The room was solid people, and the door was closed so that no passing male could get a glimpse in, so it was stiflingly hot. Soon they brought round tiny glasses of bissop—made, I think, from hibiscus flowers, a really good local drink the color of cranberry juice. There was also lots of good food—tabouli salad, falafel, two kinds of cake. We gathered round the birthday girl and her one large candle in a cake she’d baked herself, and sang along to a taped rendition of “Happy Birthday”—first in French, then in English, then in Arabic, then disco-style in English again. A rumour that the girl’s father had returned caused a general panic, and the veils were whirled round them once more. False alarm; the girls relaxed once again.

Later, the birthday girl opened her presents—that is, she and all her friends and sisters opened them. One friend tried on 3 different kinds of perfume, and her sister put on a new ring. I’m sure that at the end, she got all her presents, but I liked how casual she was with them initially. The point is, she was having a wonderful time with her family and friends.

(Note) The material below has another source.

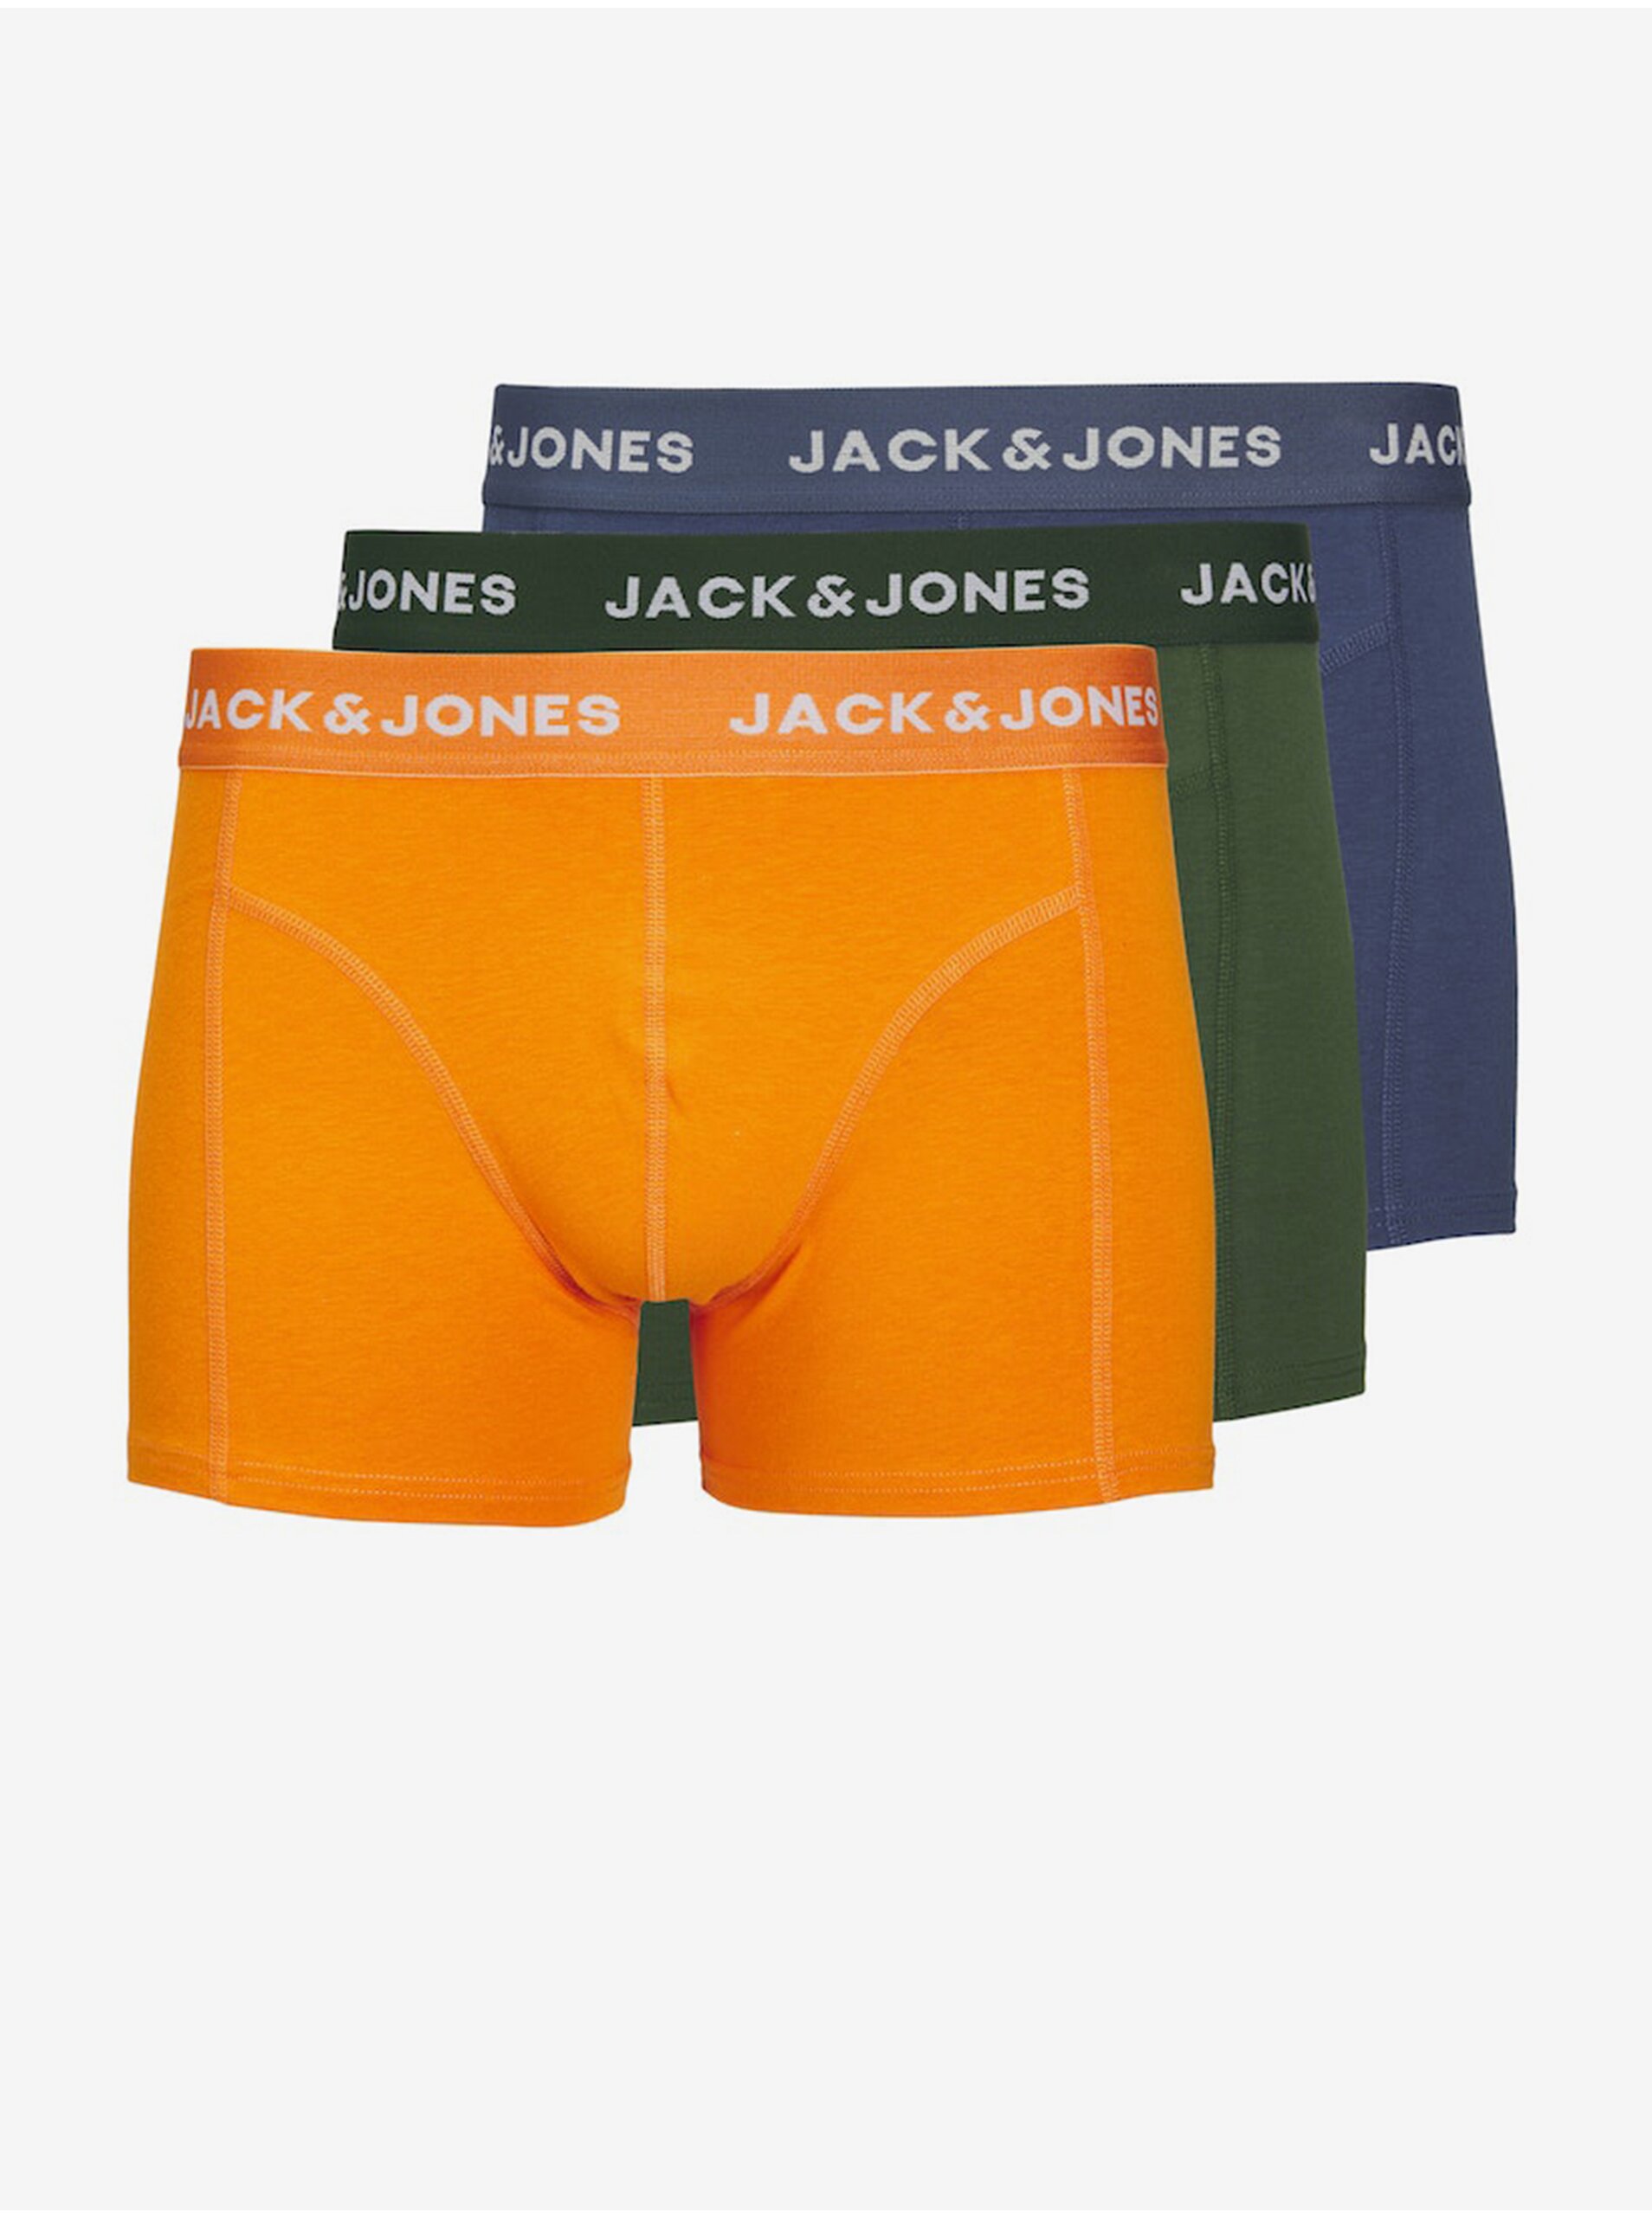 E-shop Súprava troch pánskych boxeriek v modrej, zelenej a oranžovej farbe Jack & Jones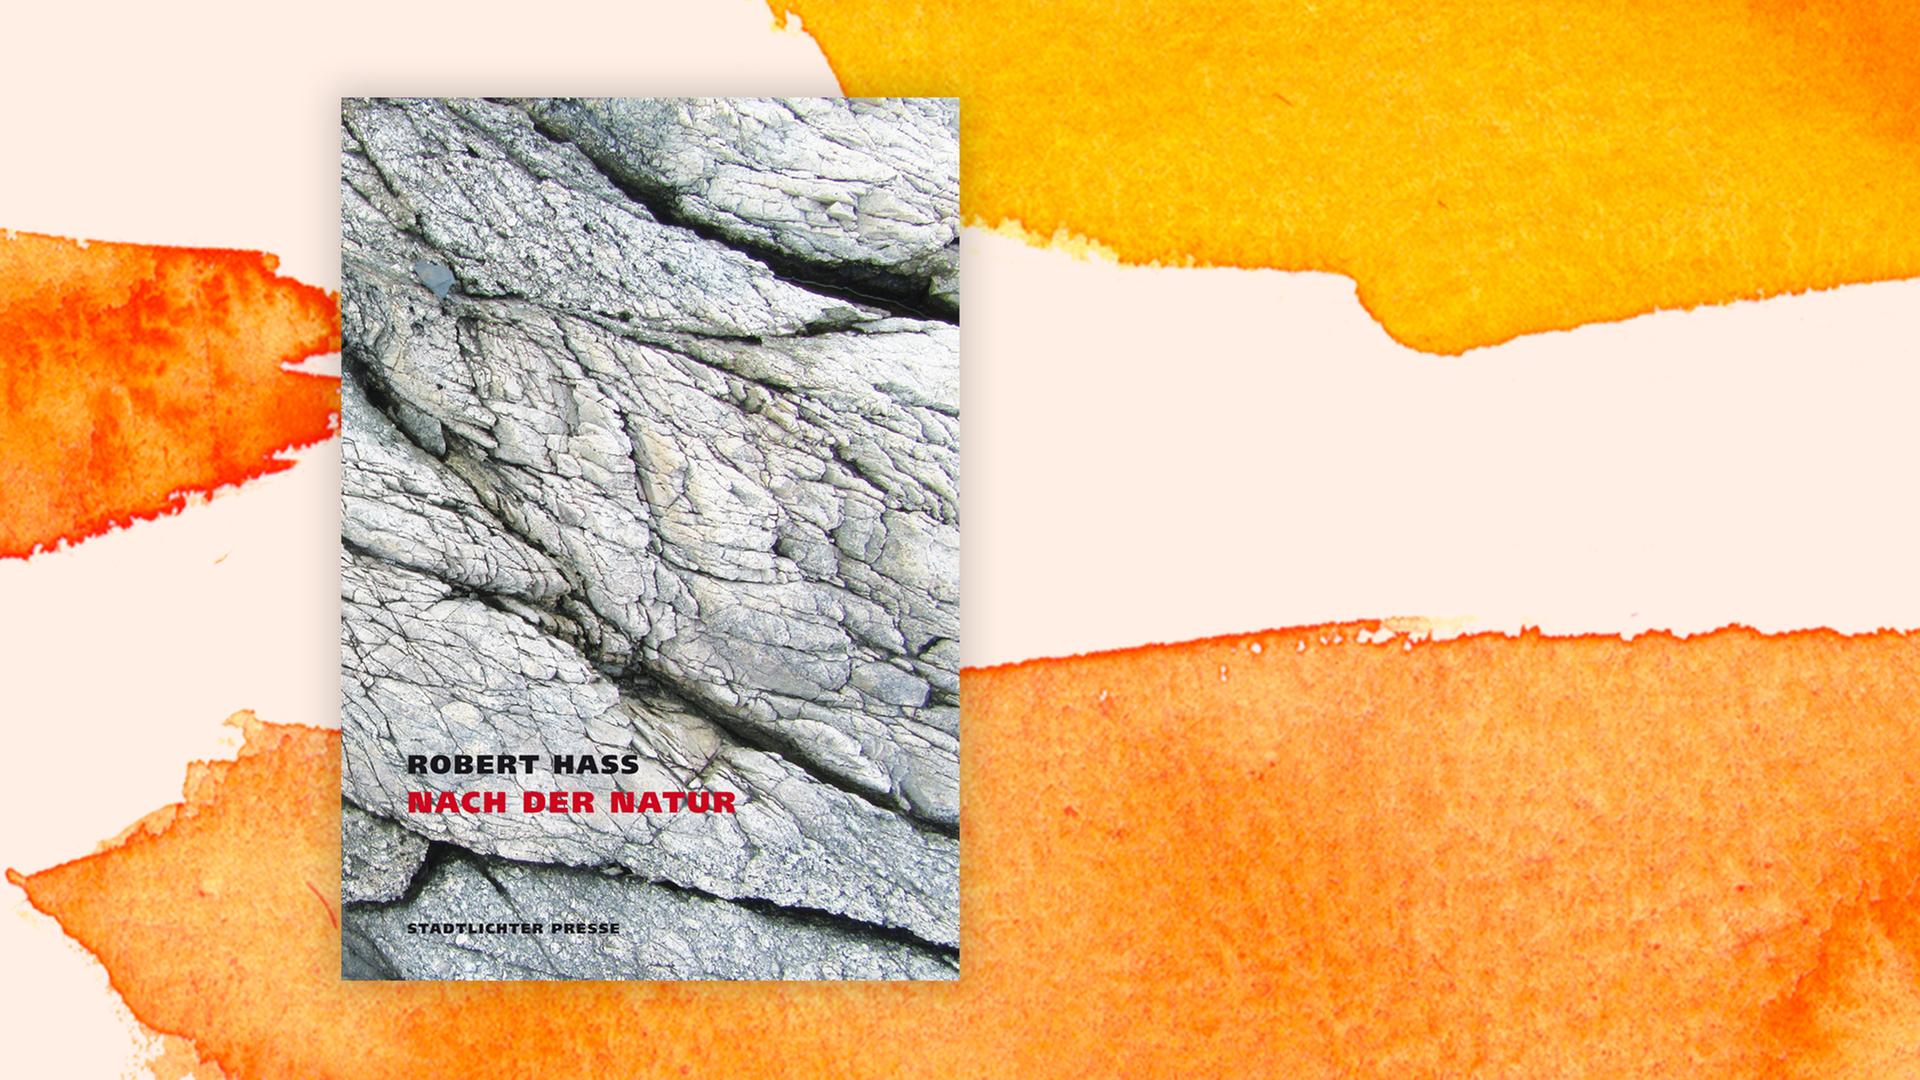 Cover "Nach der Natur" von Robert Hass auf orangenem Hintergrund.

I will never forget the day my friend Z sat me down on a matla in her front yard for a real woman-to-woman chat. “You really need to start looking your age,” she told me firmly. I was elated! Because what she meant what that I needed to gain weight. And frankly, that is the first time in my life someone has ever said that.

This happened a couple of years ago, but I saw Z today for the first time in months and noticed that she is following her own advice. She’s a mother now, and an established and respectable member of the community, with a job and a car. I’m 10+ years older than she is, and I should be bigger than she is, but I’m not. *quiet smile* Here in Mauritania, women are supposed to be as big as possible. And as pale as possible. (Suddenly, I’m practically a beauty queen!) Donn said to her once, “Z, you’re looking pale and fat!” He told me later he just wanted to see if he could actually say that to a woman without getting hit! But it worked. “Oh thank you Donn; you’re so kind!” she said.

It’s changing, but this is a place that a few years ago had “Wife-Fattening Farms,” where parents would send their 12 and 13 year-olds to be forcibly fattened up. Drinks such as whole milk and incha, made with a sort of oatmeal, were poured down their throats. It is an honor and a beauty to be big. An American friend of mine just opened a gym, and she has these enormous, 250 pound women coming in to see her, telling her they need to exercise for their health but they don’t want to lose an inch! One woman came in and said, “My husband just returned from a 10 day business trip and he said my face looks thinner.” She quit the gym immediately.

It’s easy to mock this, and I do, and it’s easy to decry all that women will do to themselves in the name of beauty. But is it really any different in the West? Here, women risk cancer with skin-lightening creams, diabetes runs rampant, and exercise until recently was non-existant, at least for the White Maures. After all they had the Black Maures and the Pulaars to do the hard labour. But what about that weight-loss drug with the catchy name, Phen-Phin or something?, that had to be taken off the market after people using it died. What about anorexia and bulemia and a culture that worships youth? What about pressure to inject a wrinkle-reducing poison into your face, or to spend a fortune on the latest styles? To be honest, it’s strange but sort of nice to be in a place where you can be comfortable with your weight and age, knowing that you’re supposed to be fatter and look older. And it’s also good to realize that the standards of beauty may differ, but really it all comes down to the same thing—women care deeply about how they look, and they are insecure about it, whether it’s wanting a tan, or wanting to be “white.”

Me, I’m doing my best to fit in; there’s a bar of extra-dark chocolate in the fridge right now and I’m going to eat it while Donn’s at work. It’s a sacrifice, but when you move to another culture, you must not remain too aloof.

 

PS I figured out how to do photos, but now our digital camera is broken. I’m looking through old photos for something good. Elliot says instead of PS I should say SIF—for Something I Forgot. Makes sense, but will it catch on?